Sunday, May 29, 2005

Corpus Christi

While Thursday was the normal day of the Feast of Corpus Christi, the powers that be decided that in certain places, it would be celebrated on Sunday instead. From what I understand, this is because in most places, people do not have that day off, so they move it in order to allow people the opportunity to celebrate properly.

The origins of the feast are really quite nice (particularly for Thomists). In 1264, following a Eucharistic miracle (a miracle where the consecrated Species take on the accidental properties of flesh and blood) Pope Urban IV asked St. Thomas Aquinas to compose the offices for the feast day, including arraingment of the liturgical readings and hymns, as well as the psalms and prayers for the Liturgy of the Hours. To quote Kurt Vonnegut, "And so it goes..." Now we have a feast to honor the greatest sacrament in the Church, a feast which has a special significance in this Year of the Eucharist. So, for your spiriual and intellectual pleasure, I present to you a meditation on the Eucharist by St. Thomas entitled "O Precious and Wonderful Banquet!" from his Opusculum.

Since it was the will of God's only-begotten Son that men should share in his divinity, he assumed our nature in order that by becoming men he might make men gods. Moreover, when he took our flesh he didicated the whole of its substance to our salvation. He offered his body to God the Father on the altar of the cross as a sacrifice for our reconciliation. He shed his blood for our ransom and purification, so that we might be redeemed from our wretched state of bondage and cleasnsed from all sin. But to ensure that the memory of so great a gift would abide with us for ever, he left his body as food and his blood as drink for the faithful to consume in the form of bread and wine.

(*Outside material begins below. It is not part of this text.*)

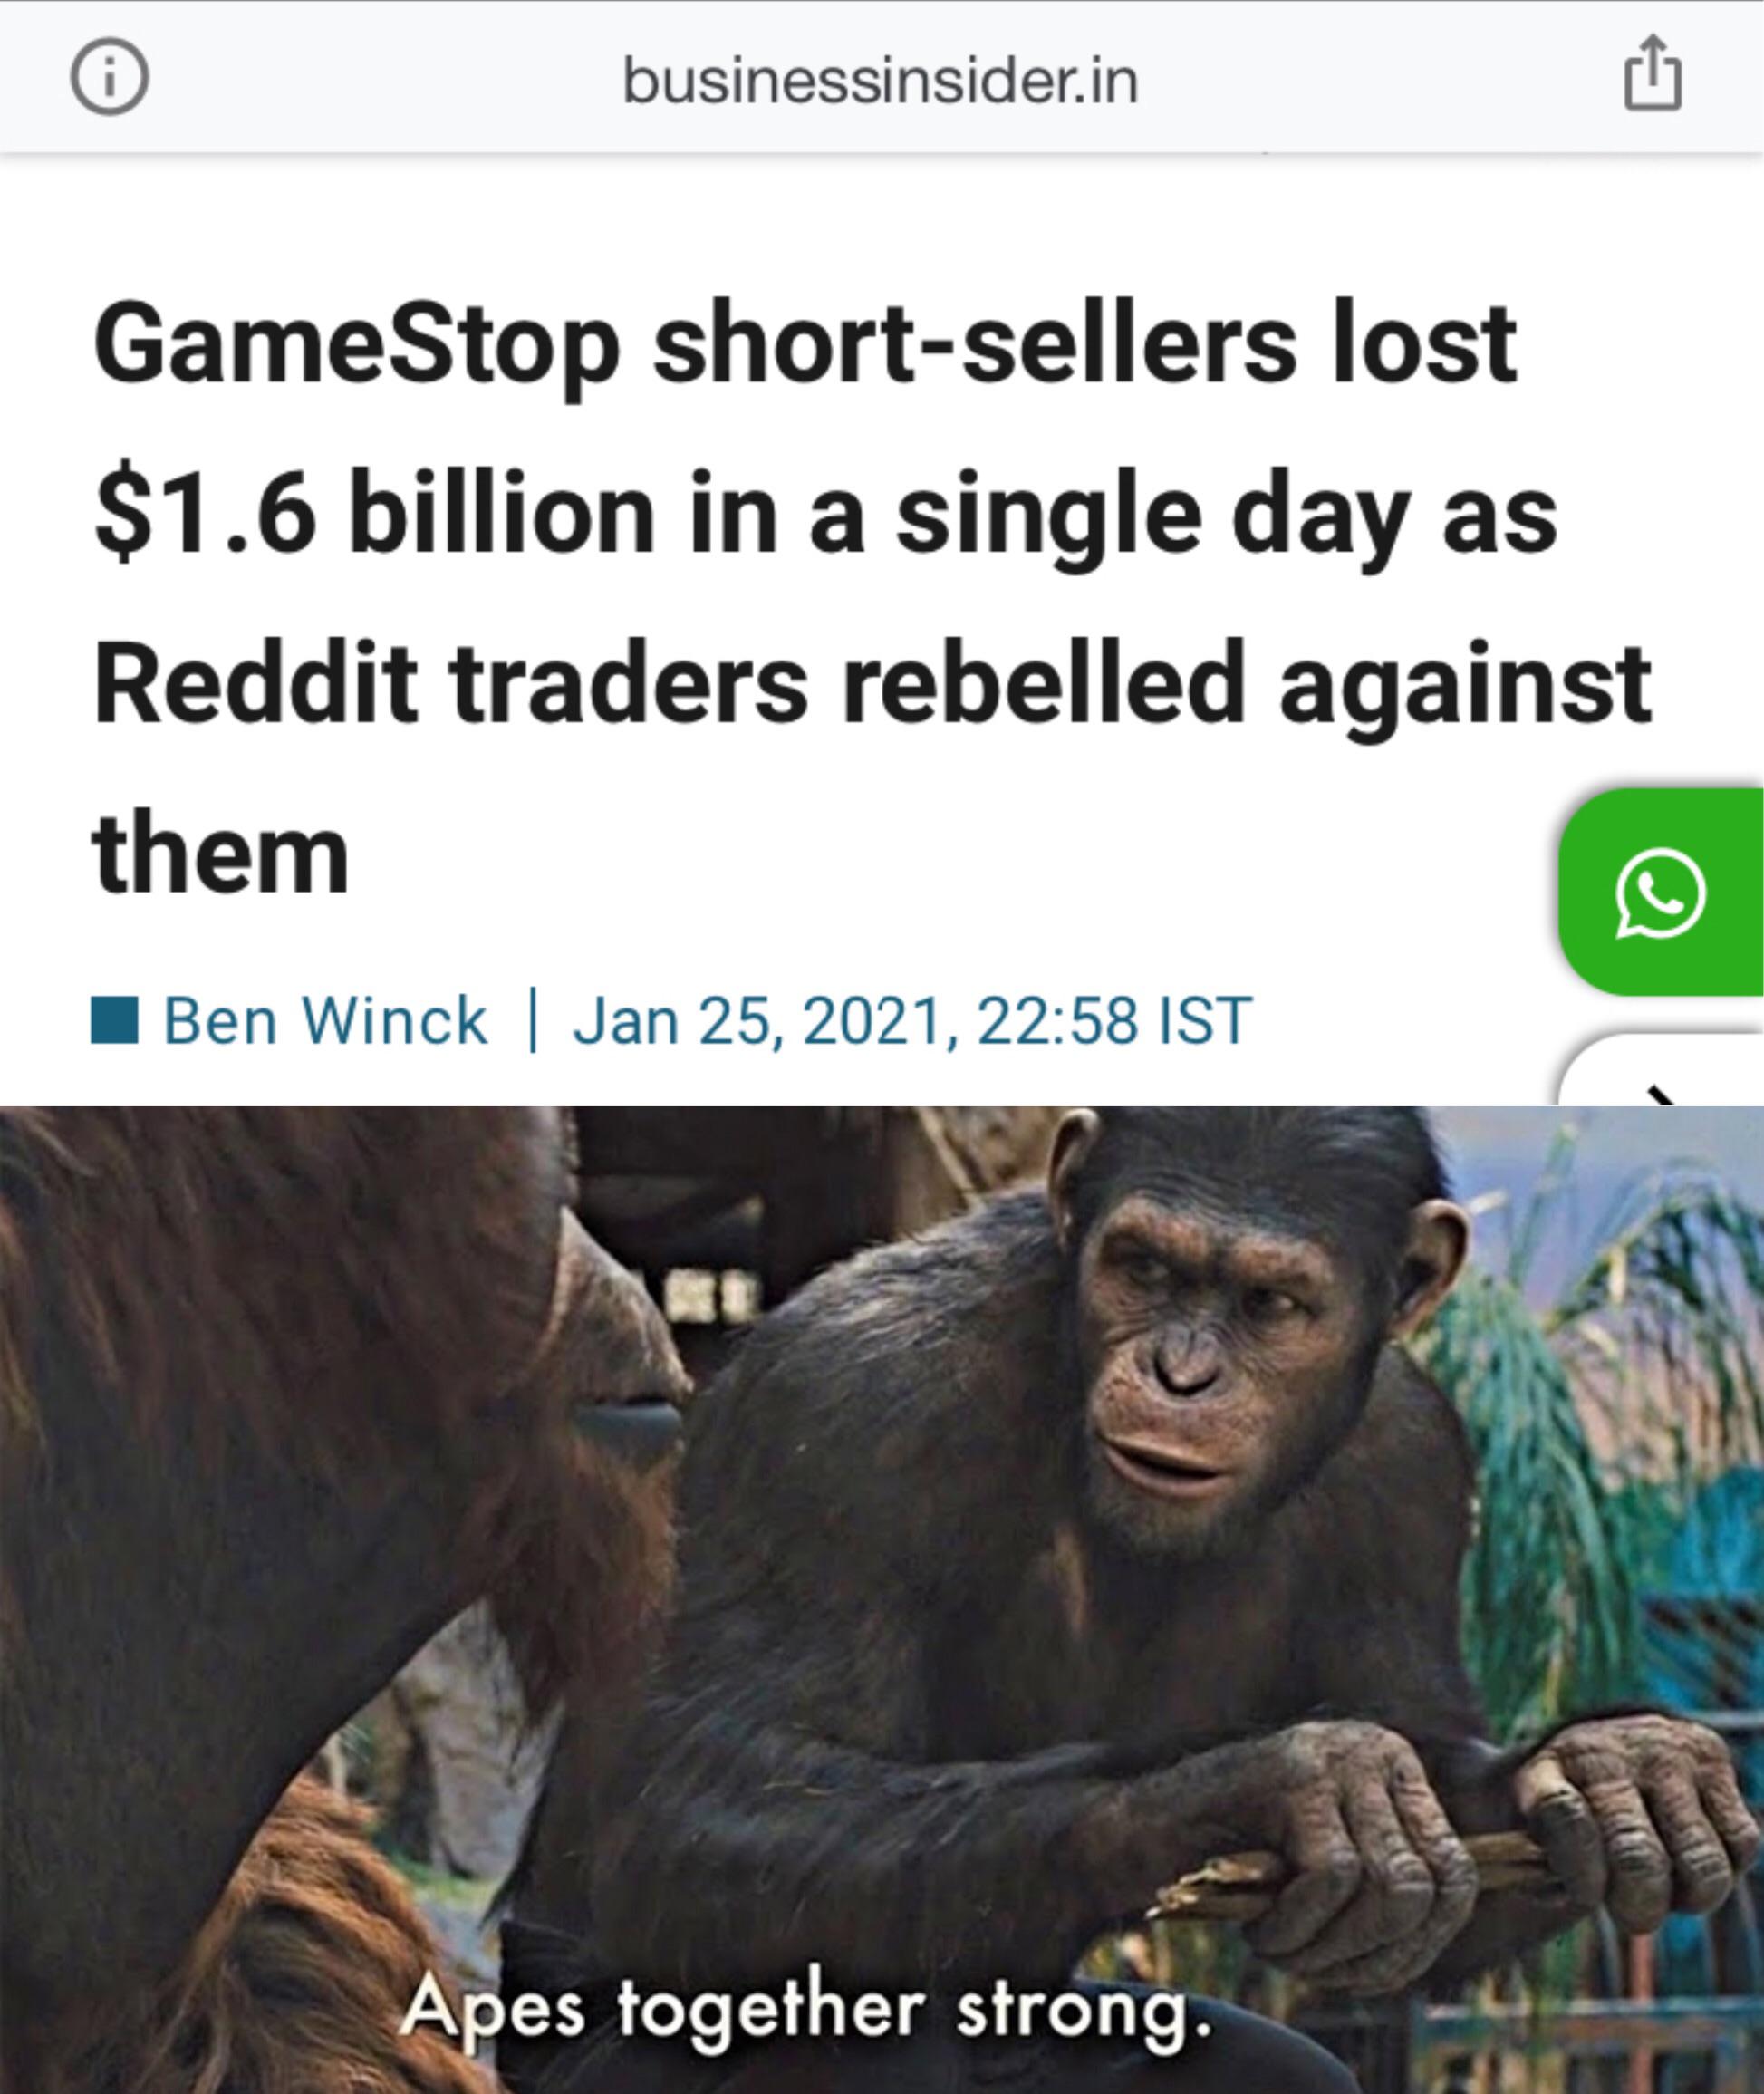 apes together strong meme - 0 businessinsider.in GameStop shortsellers lost $1.6 billion in a single day as Reddit traders rebelled against them Ben Winck | , Ist Apes together strong.

O precious and wonderful banguet, that brings us salvation and contains all sweetness! Could anything be of more intrinsic value? Under the old law it was the flesh of calves and goats that was offered, but here Christ himself, the true God, is set before us as our food. What could be more wonderul than this? No other sacrament has greater healing power; through it sins are purged away, virtues are increased, and the soul is enriched with an abundance of every spiritual gift. It is offered in the Church for the living and the dead, so that what was instituted for the salvation of all may be for the benefit of all. Yet, in the end, no one can fully express the sweetness of this sacrament, in which spiritual delight is tasted at its very source, and in which we renew the memory of that surpassing love for us which Christ revealed in his passion.

It was to impress the vastness of this love more firmly upon the hearts of the faithful that our Lord instituted this sacrament at the Last Supper. As he was on the point of leaving the world to go to the Father, after celebrating the Passover with his disciples, he left it as a perpetual memorial of his Passion. It was the fulfillment of ancient figures and the greates of all his miracles, while for those who were to experience teh sorrow of his departure, it was destined to be a unique and abiding consolation.

+Ad Majorem Dei Gloram+
"To wisdom belongs the intellectual apprehension of things eternal; to knowledge, the rational apprehension of things temporal."